Problem to solve:
Line by line, the data below should be set down unchanged, with images excluded.

Information provided:
Start of Block

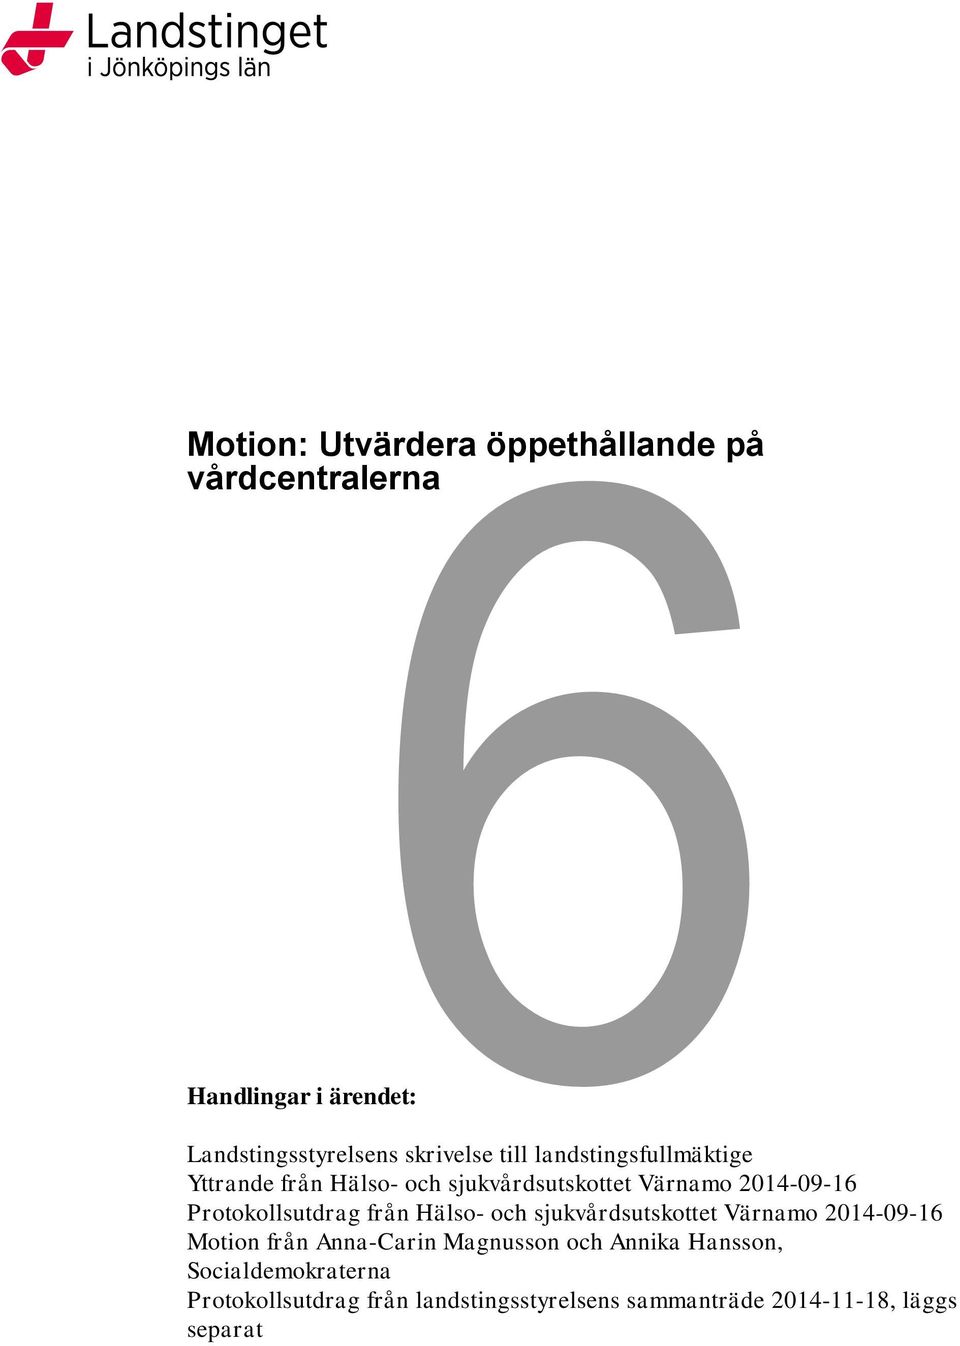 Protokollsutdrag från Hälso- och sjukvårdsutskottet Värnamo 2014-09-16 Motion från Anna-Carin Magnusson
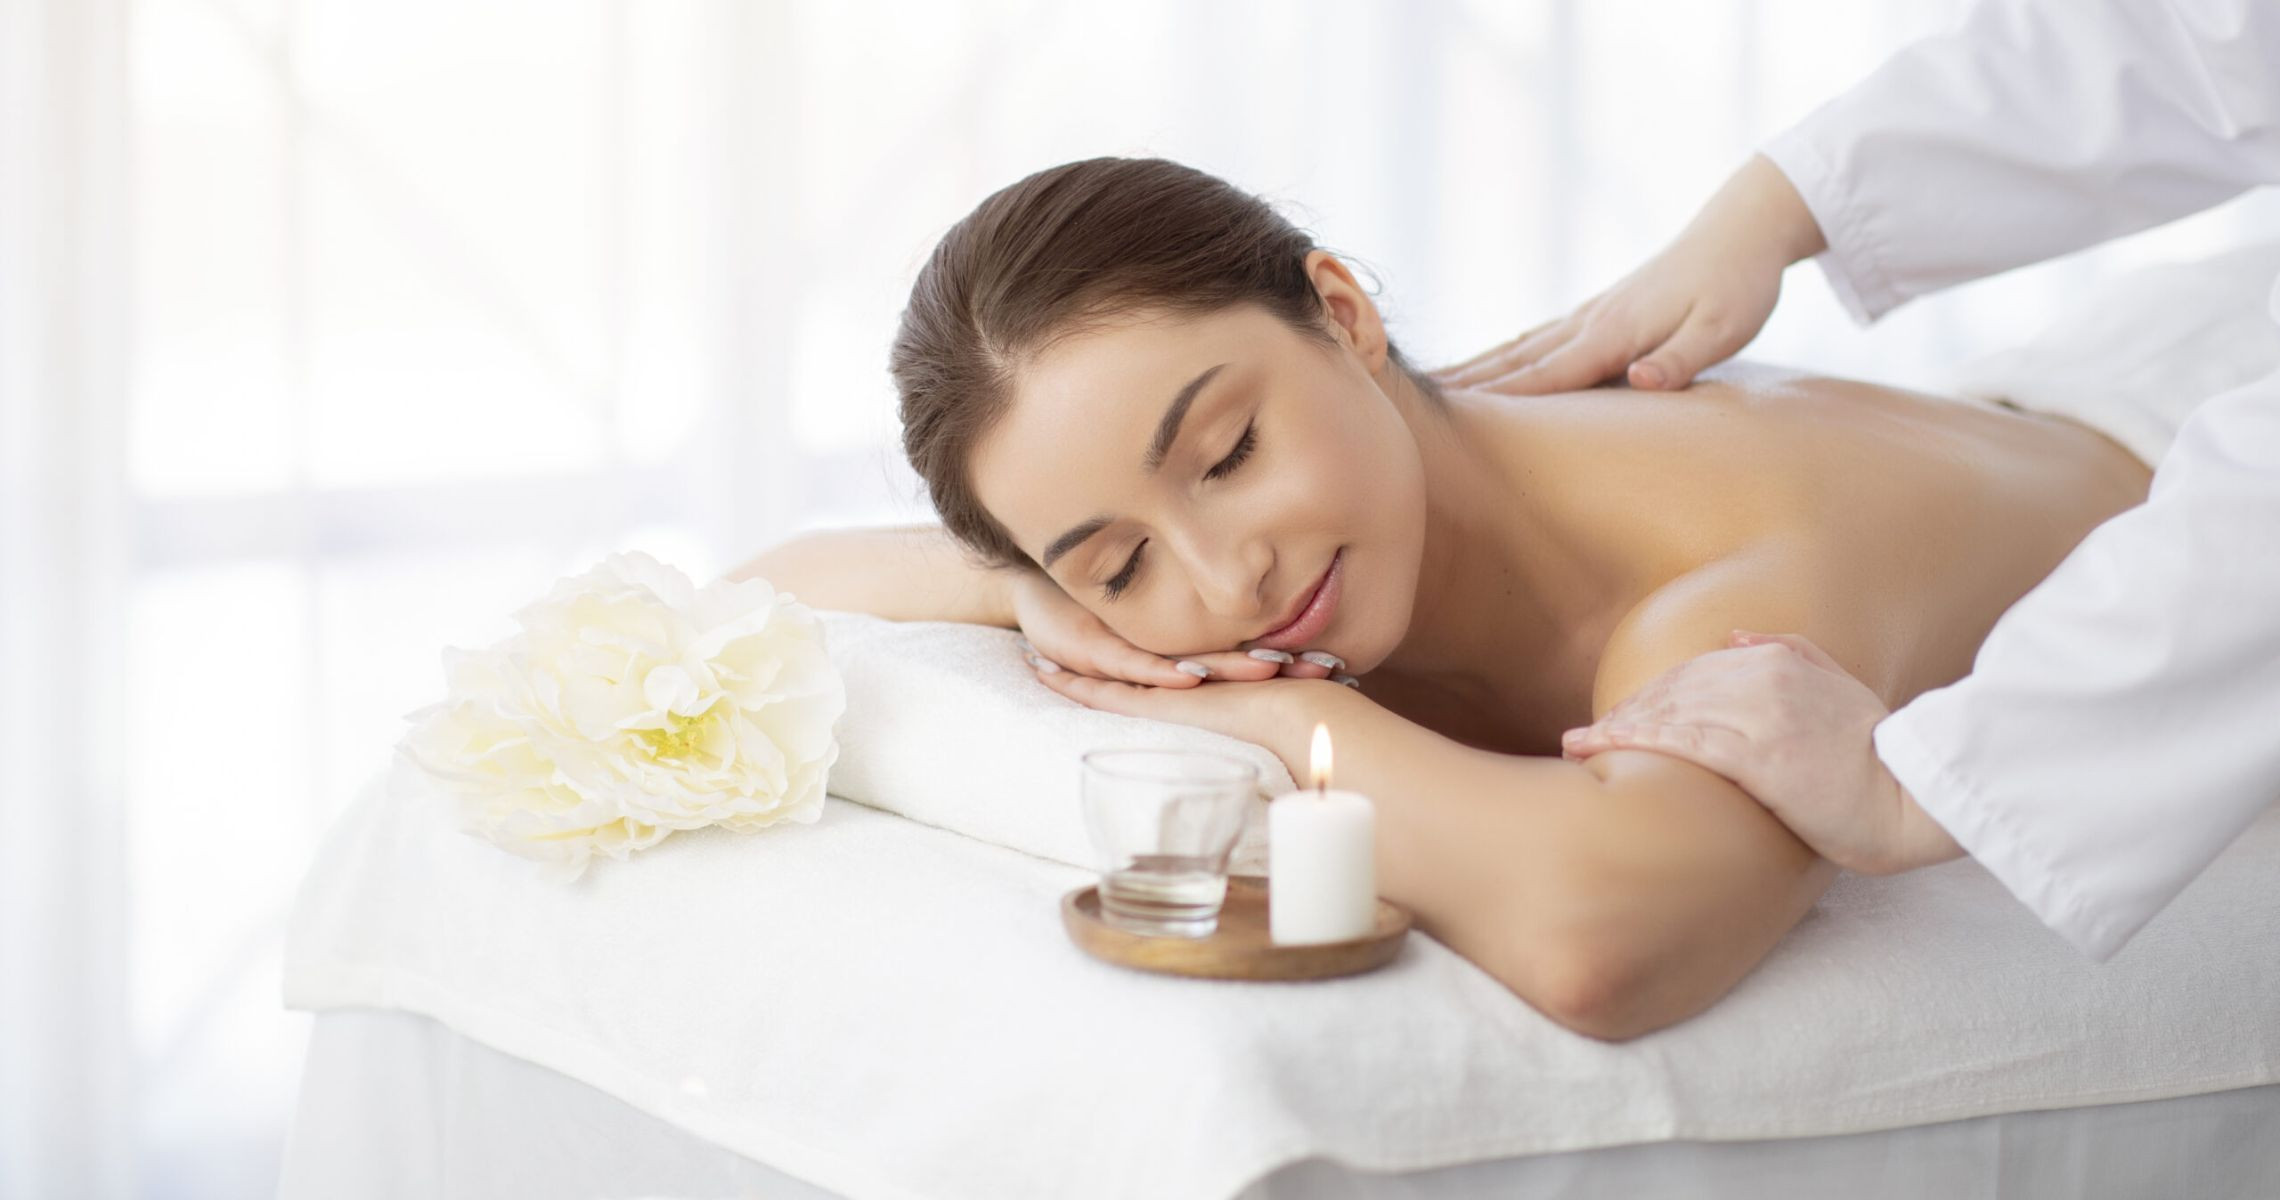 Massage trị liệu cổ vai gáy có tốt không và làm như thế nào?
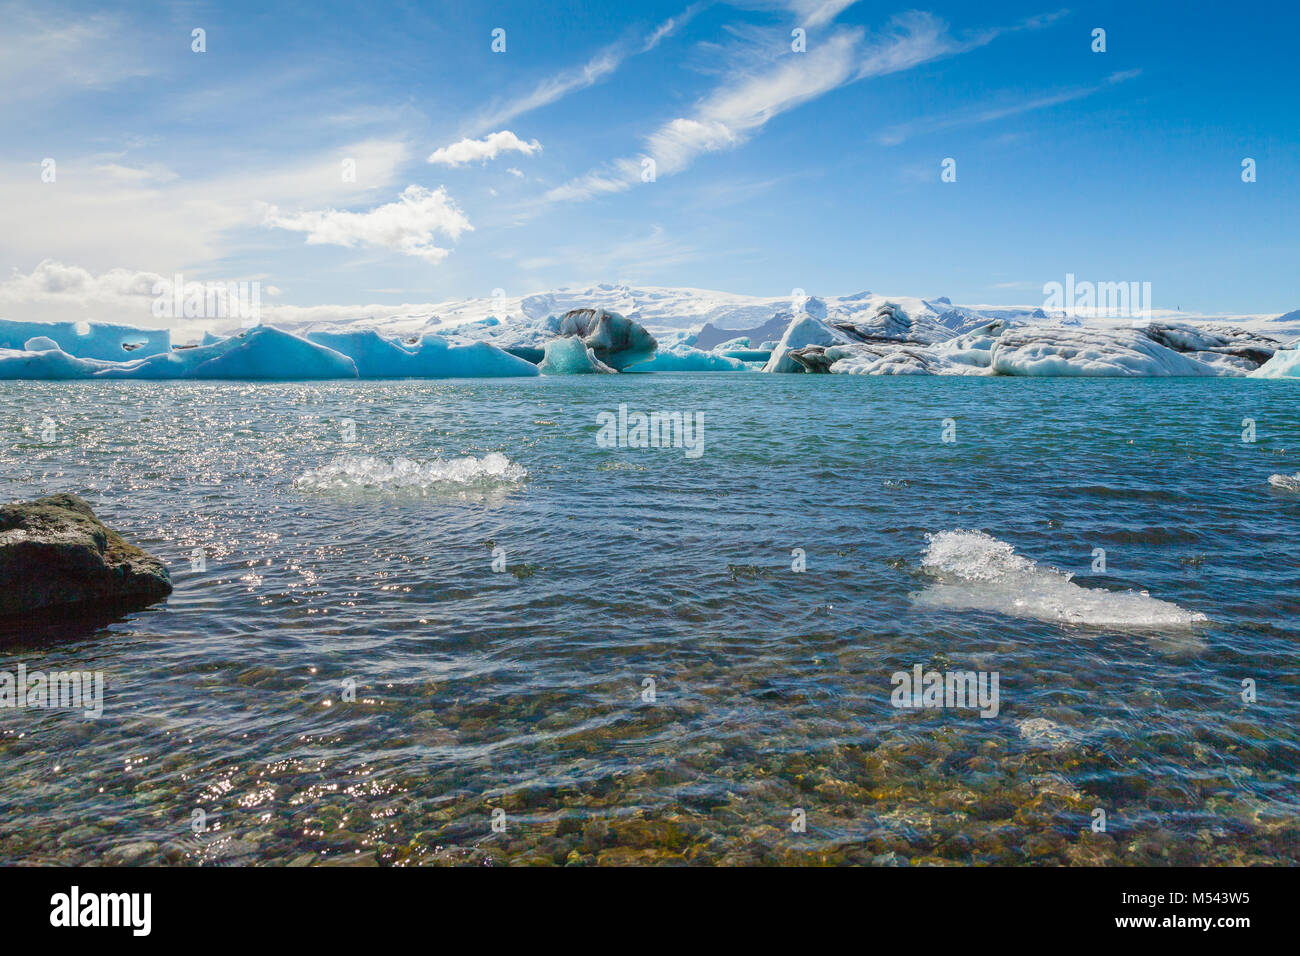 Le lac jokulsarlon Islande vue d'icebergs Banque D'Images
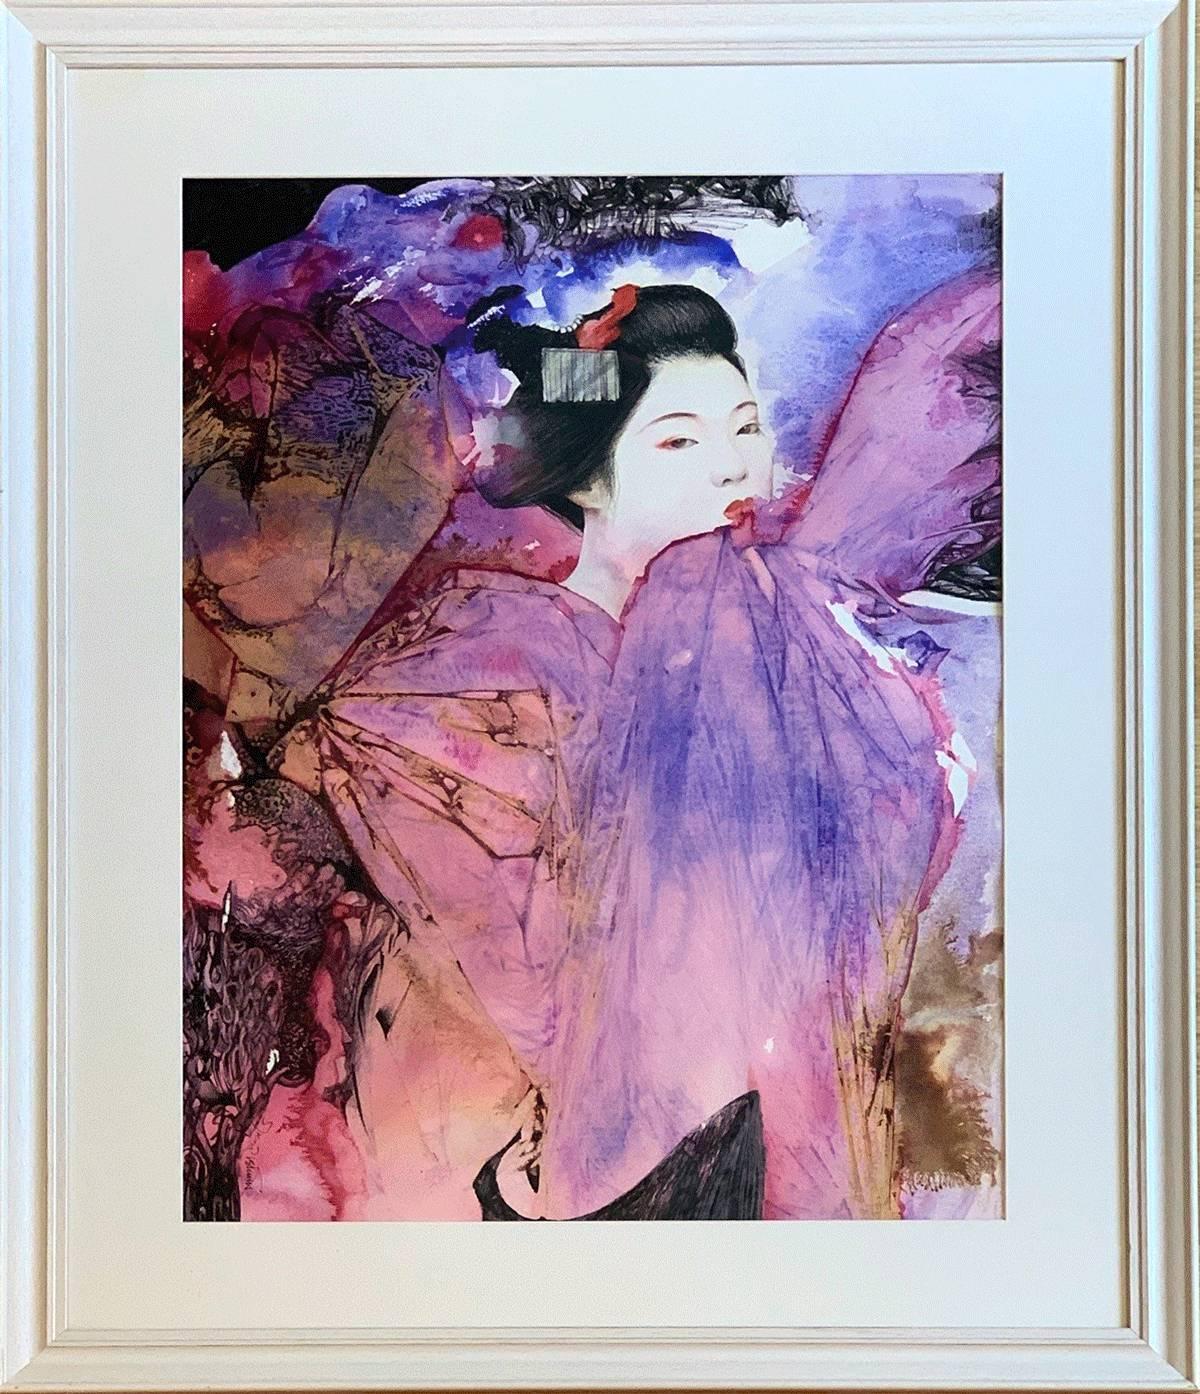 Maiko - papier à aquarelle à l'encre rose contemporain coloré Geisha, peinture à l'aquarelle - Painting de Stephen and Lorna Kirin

End of Block

Answer for this exercise:
 Protokollsutdrag från Hälso- och sjukvårdsutskottet Värnamo 2014-09-16 Motion från Anna-Carin Magnusson
 Massage trị liệu cổ vai gáy có tốt không và làm như thế nào?
 Le lac jokulsarlon Islande vue d'icebergs Banque D'Images
 Maiko - papier à aquarelle à l'encre rose contemporain coloré Geisha, peinture à l'aquarelle - Painting de Stephen and Lorna Kirin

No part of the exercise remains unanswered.